= National Christian Youth Convention =

The National Christian Youth Convention (NCYC) is a national conference for people aged 16–30 years held by the Uniting Church in Australia every second January. It is held in a different Australian city each time in the long summer school and university holidays. It has attracted over 3,000 delegates from around Australia plus visiting delegations from overseas countries. It is one of the biggest events for youth on the Uniting Church's calendar.

==History==
NCYC began in 1955 with an evangelical campaign run by Rev. Dr. Sir Alan Walker as an activity of the Central Methodist Mission in Sydney held at the Royal Showgrounds, from 16 to 23 January 1955. The theme was "God Works". Keynote speakers included Dr A. Harold Wood, Alan Walker, and Dr Roy L. Smith from the United States who also led the Bible studies. It was designed to reach the entire Christian community, not just that of the Methodist Church of Australasia (see Methodism).

The 50th anniversary NCYC was held in January 2005 at the Gawler campus of Trinity College to the north of Adelaide in South Australia.

Here is a full list of every NCYC held since 1955:

- 1955. New South Wales, Sydney. Theme: God Works
- 1957. South Australia, Adelaide.
- 1960. Queensland, Brisbane.
- 1963. Victoria, Melbourne.
- 1966. Western Australia, Perth.
- 1969. New South Wales, Sydney.
- 1973. Queensland, Gold Coast.
- 1975. South Australia, Adelaide. Theme: Three Worlds – One World – For God
- 1977. ACT, Canberra. Theme: Turning Point
- 1979. Western Australia, Perth. Theme: Directions
- 1981. New South Wales, Sydney. Theme: Focus
- 1983. Queensland, Brisbane. Theme: Witness
- 1985. South Australia, Adelaide. Theme: Dreams and Visions
- 1987. Victoria, Ballarat. Theme: Being There
- 1989. Western Australia, Perth. Theme: Cross the Desert
- 1991. Queensland, Toowoomba.

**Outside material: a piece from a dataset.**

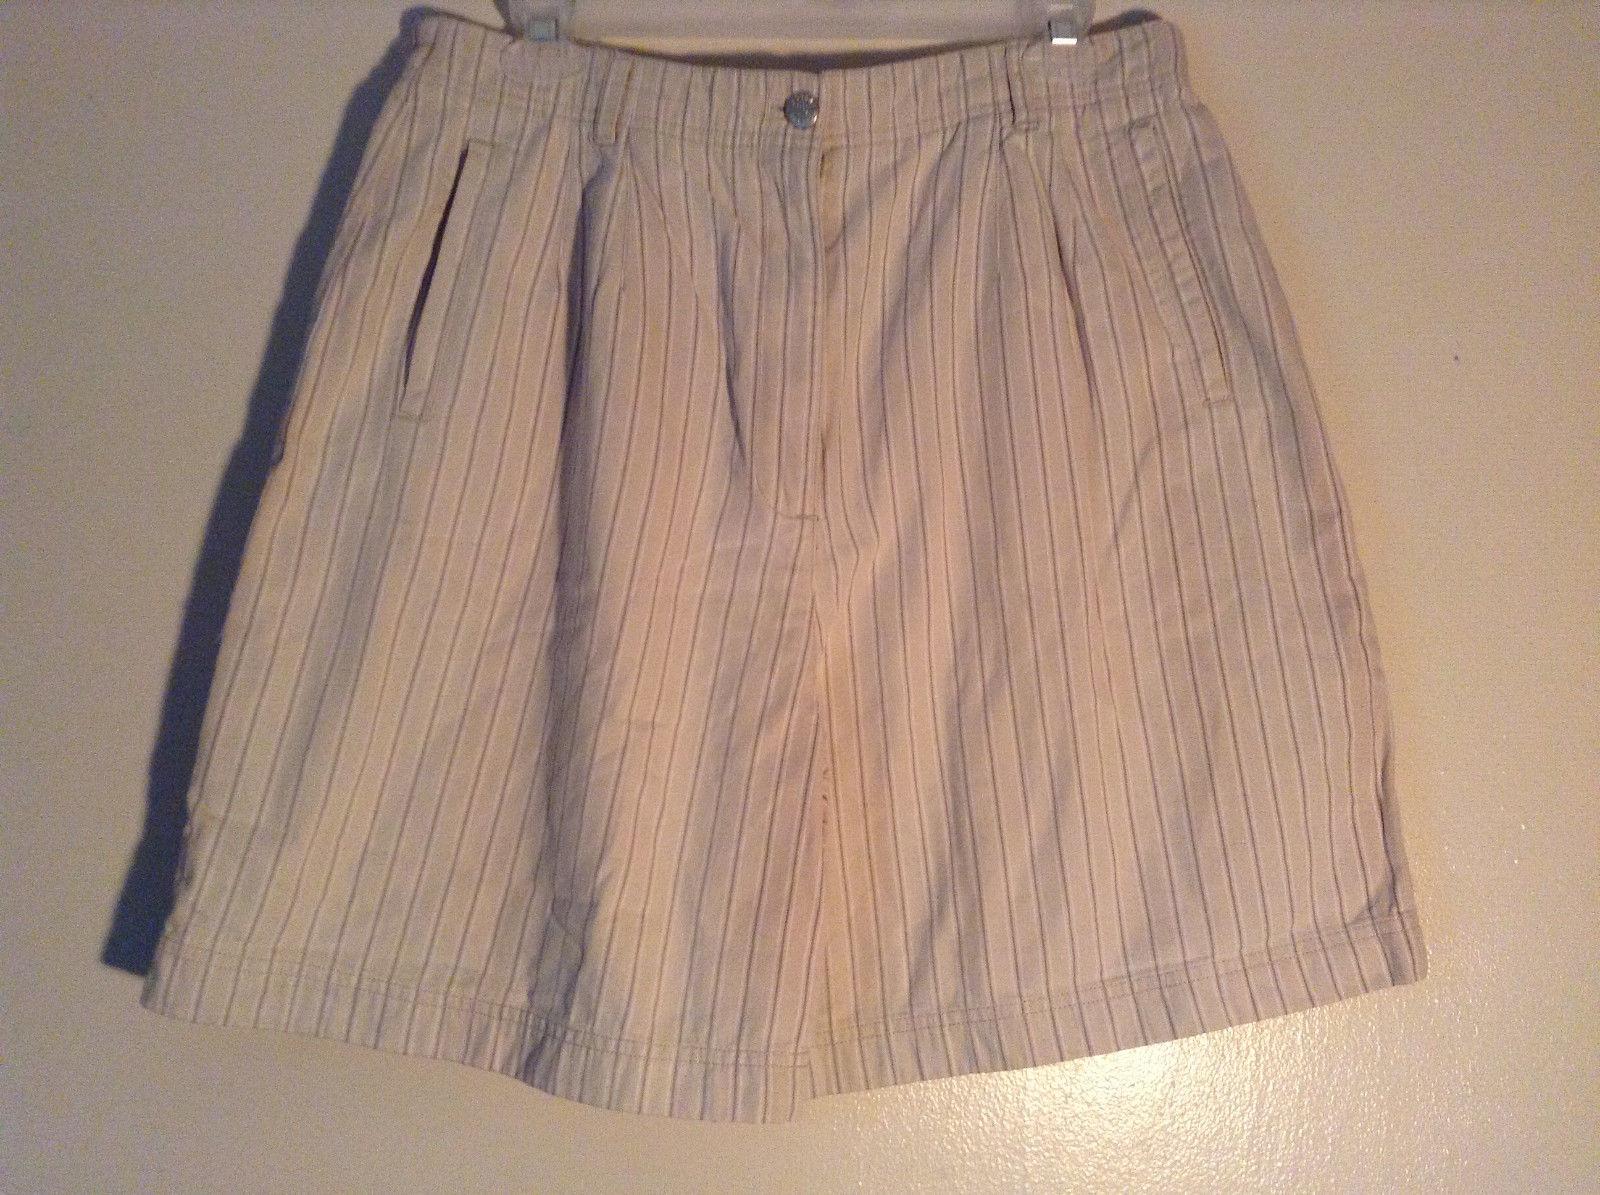 Susan Bristol Casuals Whtie Brown Beige Striped Shorts Pockets Size 14

Theme: Breaking New Ground
- 1993. ACT, Canberra. Theme: Love In A Dangerous Time
- 1995. SA, Adelaide. Theme: Living On The Edge
- 1997. Tasmania. Theme: Living the Legend
- 1999. Victoria, Geelong. Theme: It All Depends
- 2001. Queensland. Theme: Now is the Time
- 2003. NSW, Newcastle. Theme: Shaking The Foundations
- 2005. SA, Gawler. Theme: Live This Life
- 2007. WA, Scotch College Perth Perth, Western Australia. Theme: Agents of Change also had an inaugural Adult Convention.
- 2009. Victoria, Methodist Ladies' College, Melbourne. Theme: Converge
- 2011. Queensland, Gold Coast. Theme: Turn It Up
- 2014. NSW, Sydney. Theme: Yurora
- 2017. NSW, Stanwell Tops. Theme: Yurora – Uniting Culture.

==Organisation==
The event is usually organised and hosted by a Synod by agreement with the Uniting Church's National Assembly. NCYC 2014 was an exception as it was hosted by Parramatta-Nepean Presbytery within the Synod of NSW & ACT. Leadership is by a local organising committee utilising existing networks within the responsible Synod. It is typically coordinated by a young minister of religion. Older adults are mobilised to support and assist.

Sometimes a university campus and its accommodation has been the base for the event. A range of accommodation options are offered, ranging from camping in tents to live-in accommodation and billeting.